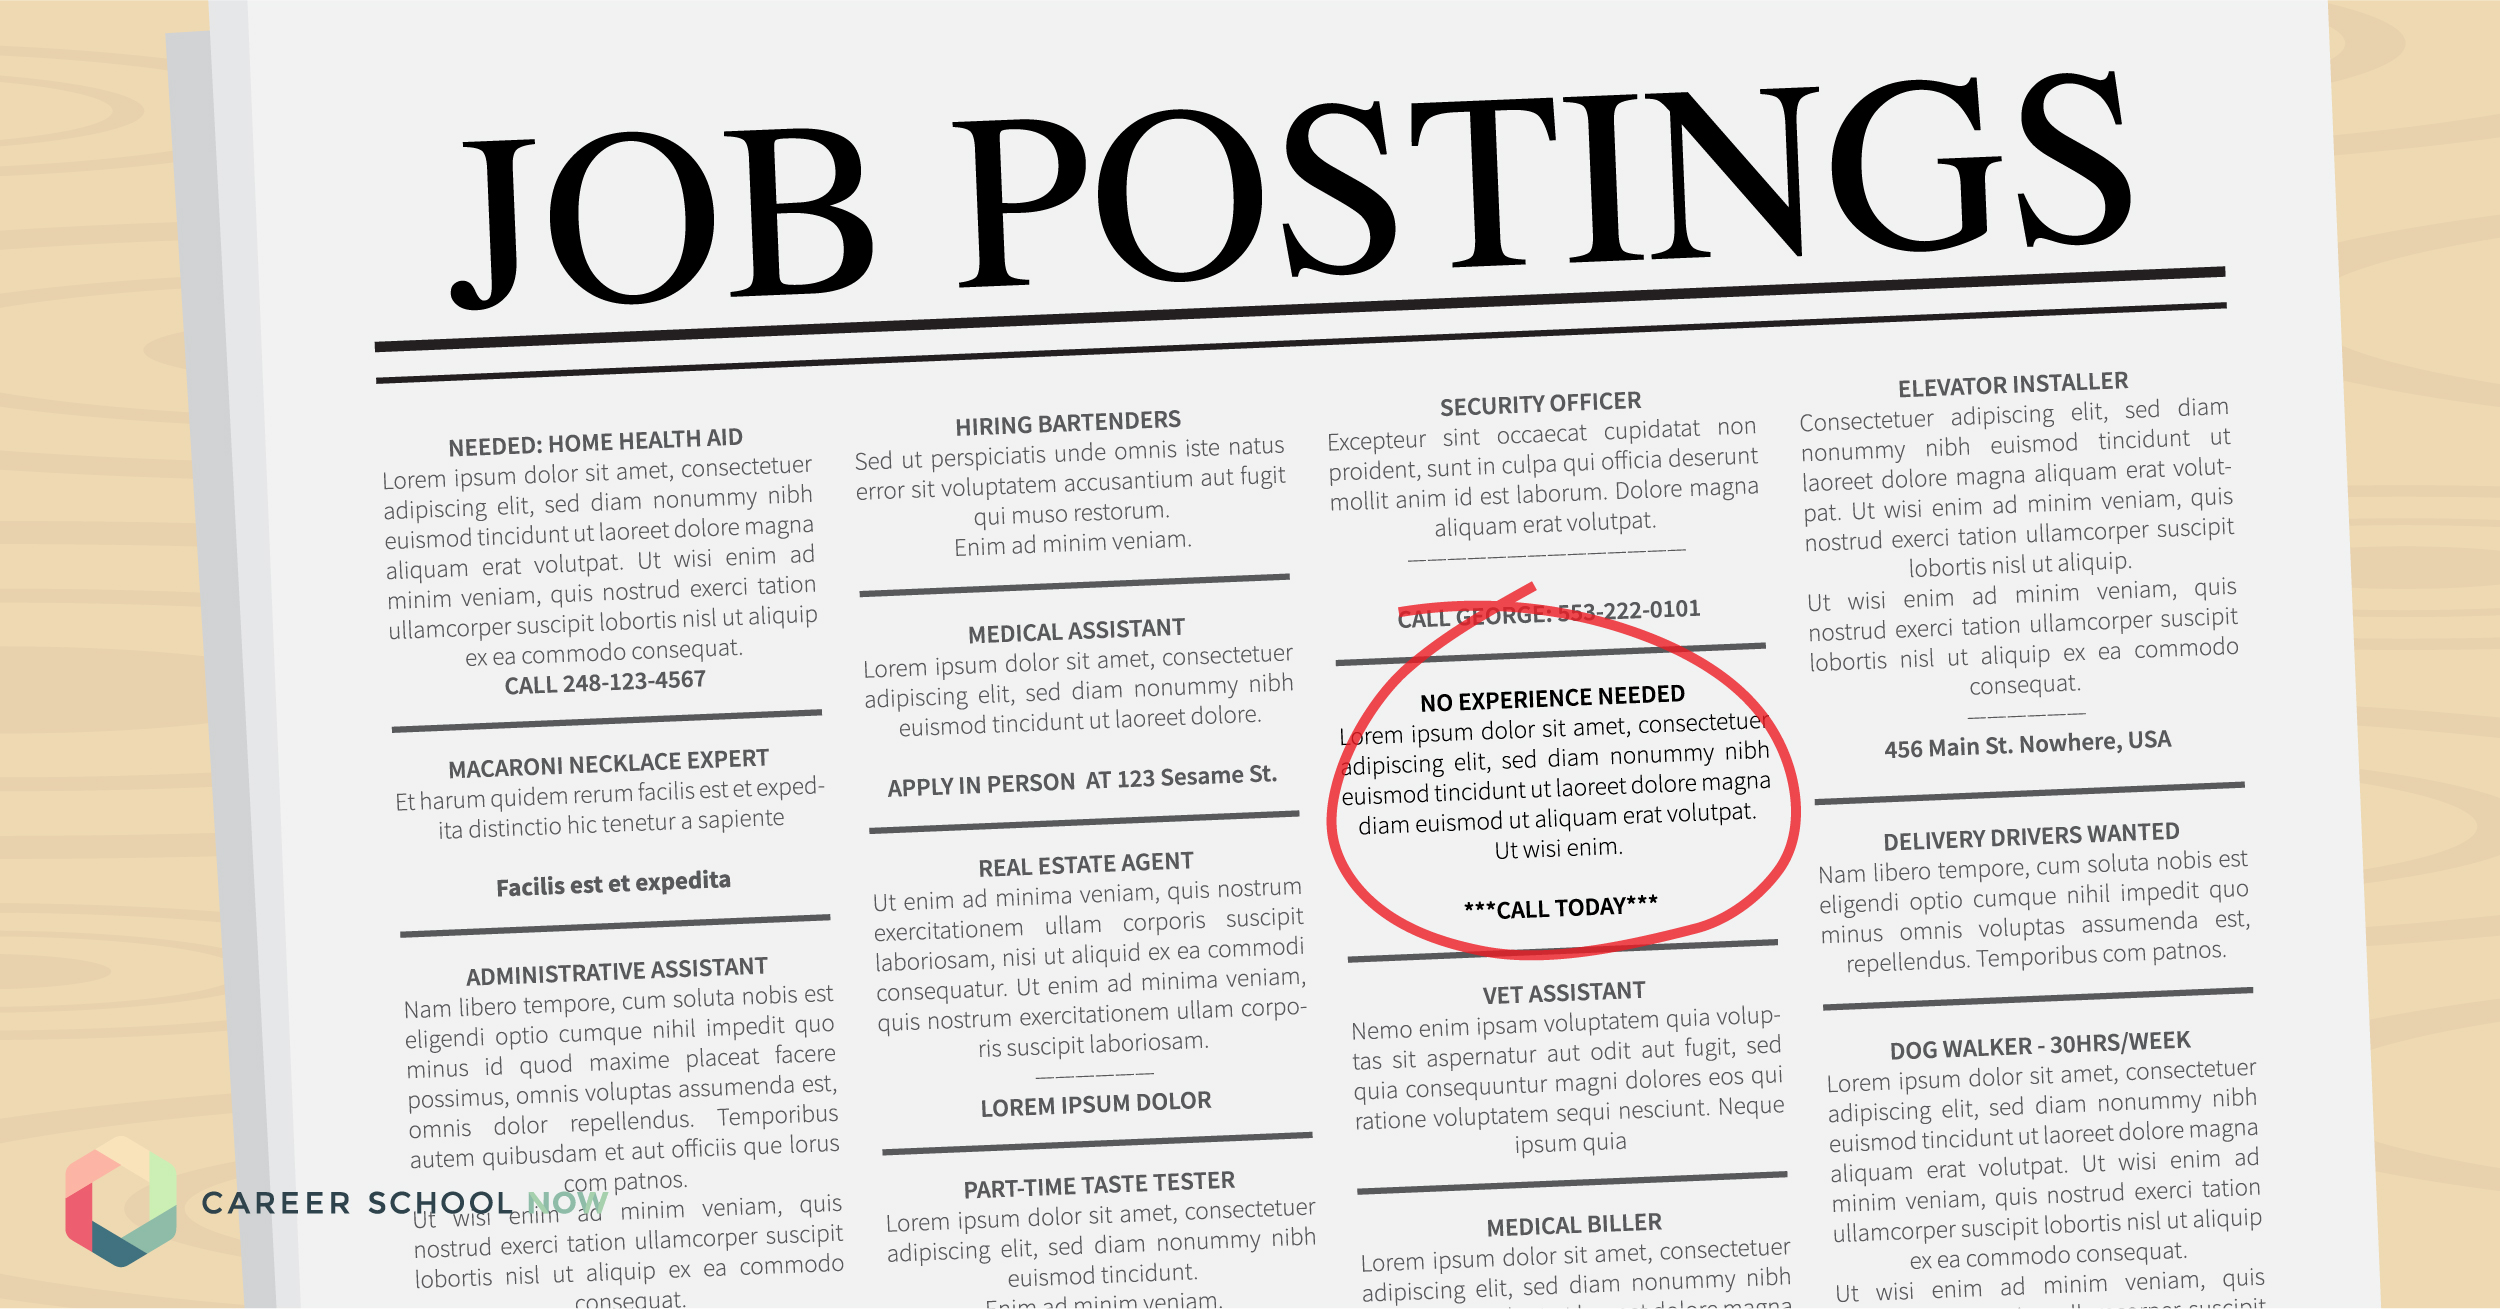 how to find a job when you don't have a lot of experience
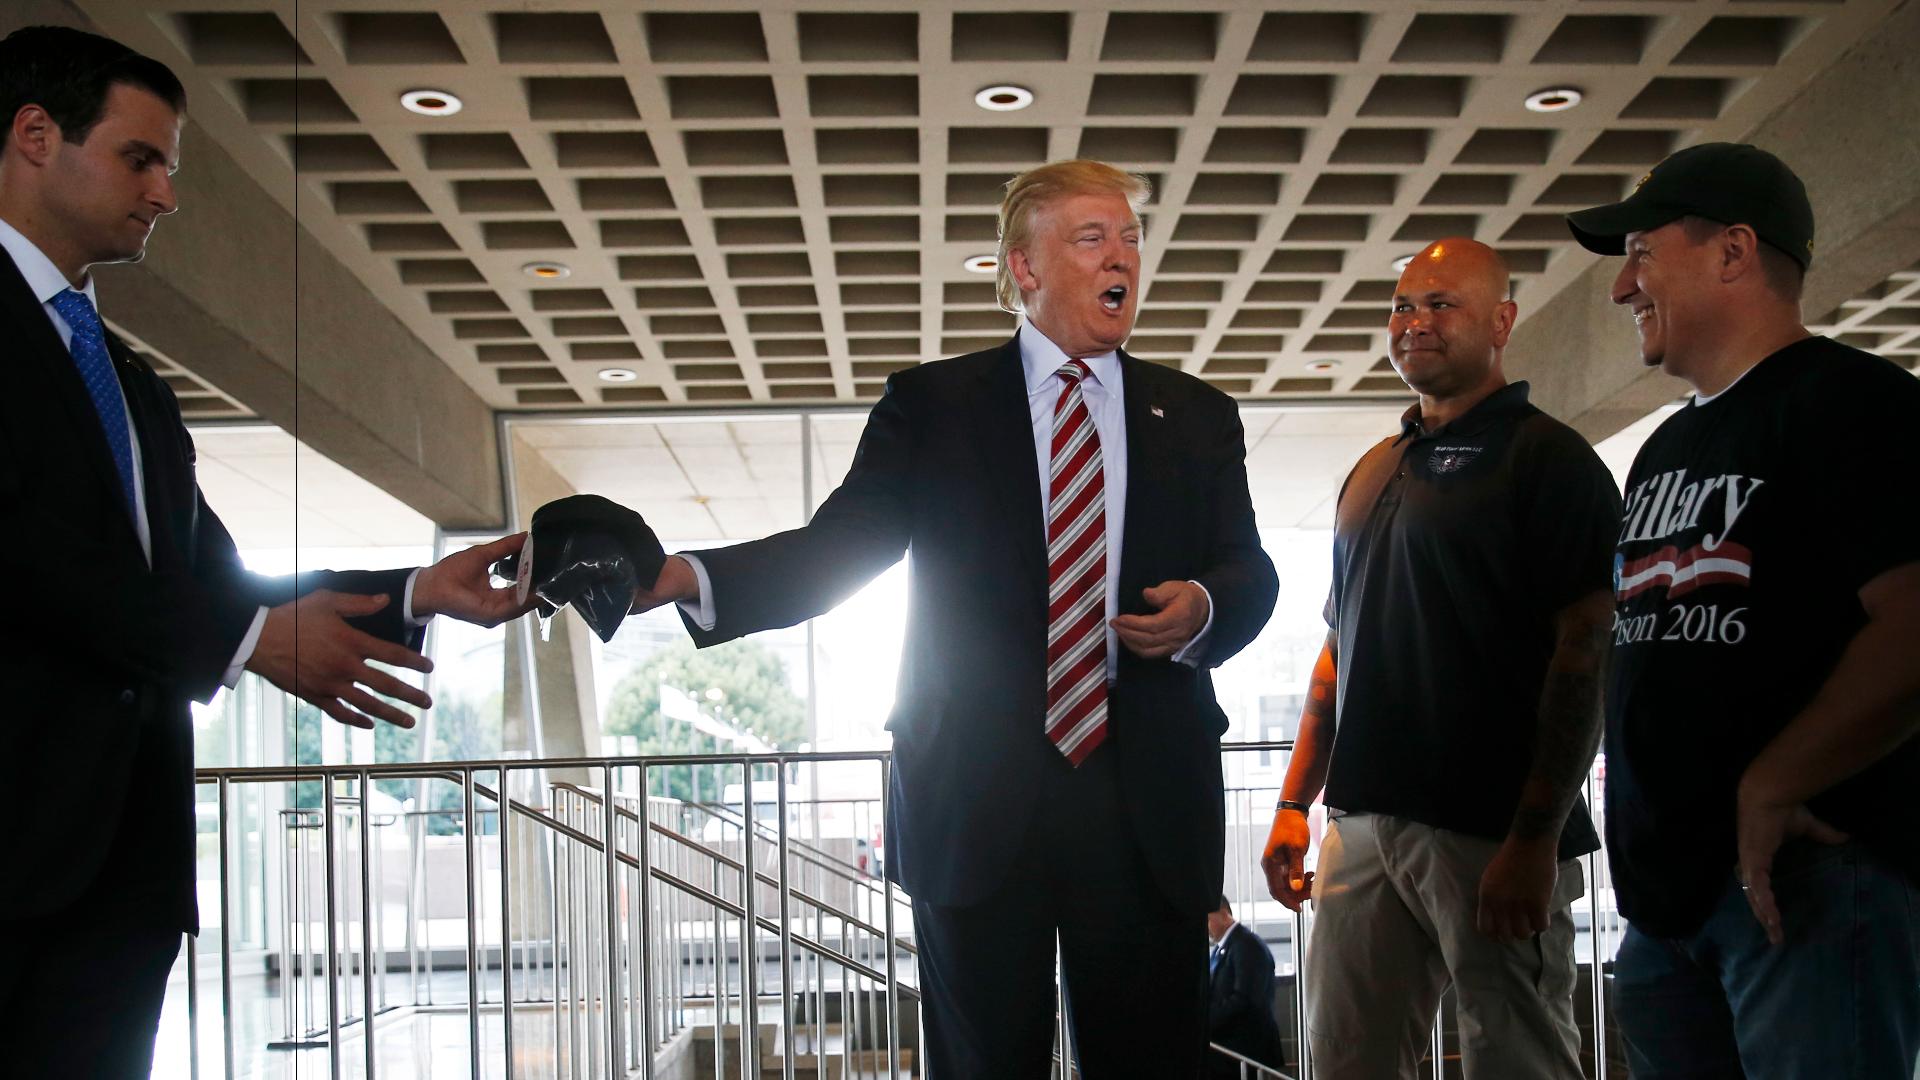 Trump shakes up campaign, demotes top adviser
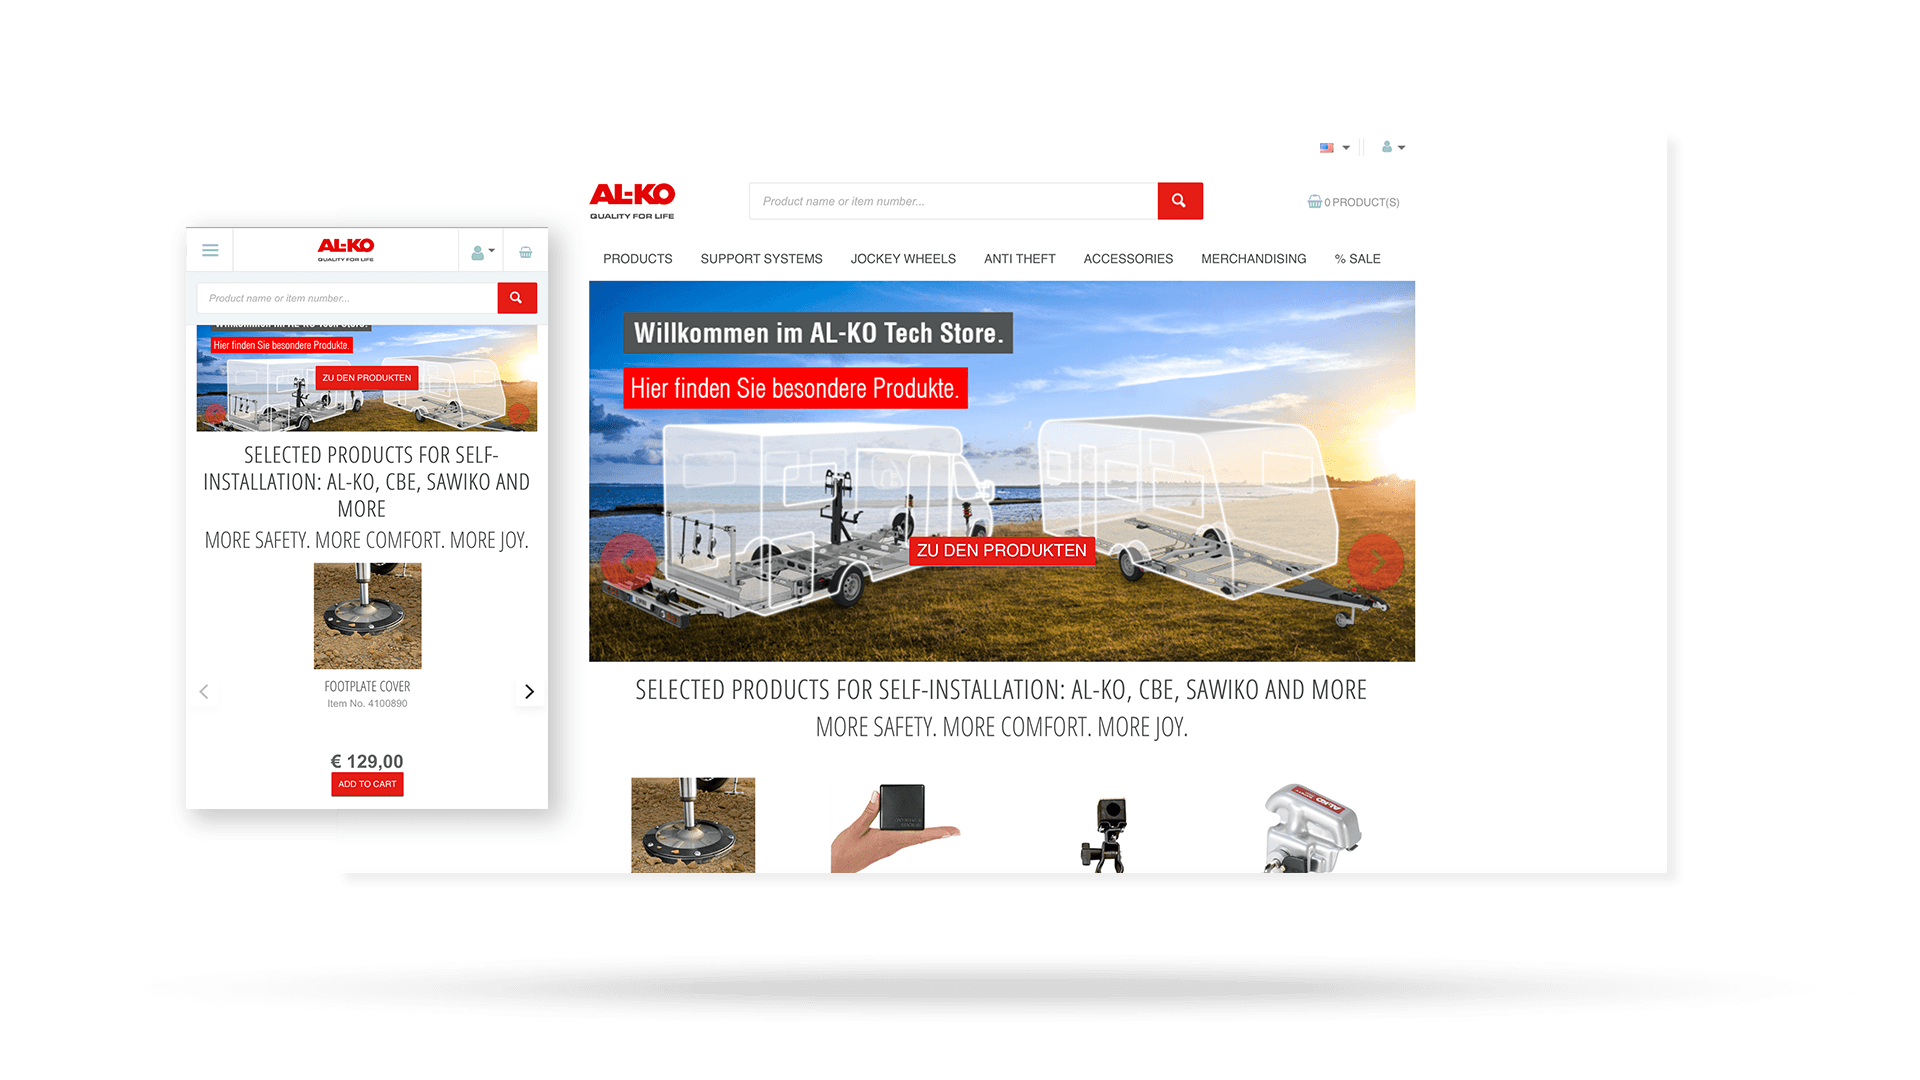 AL-KO B2B Webshop

WHAT YOU ARE ASKED TO DO
Without the pictures, repeat exactly the lines running from the line containing "Trump shakes up" through the end of the data, both ends included.

ANSWER TO THIS TASK
 Trump shakes up campaign, demotes top adviser
 AL-KO B2B Webshop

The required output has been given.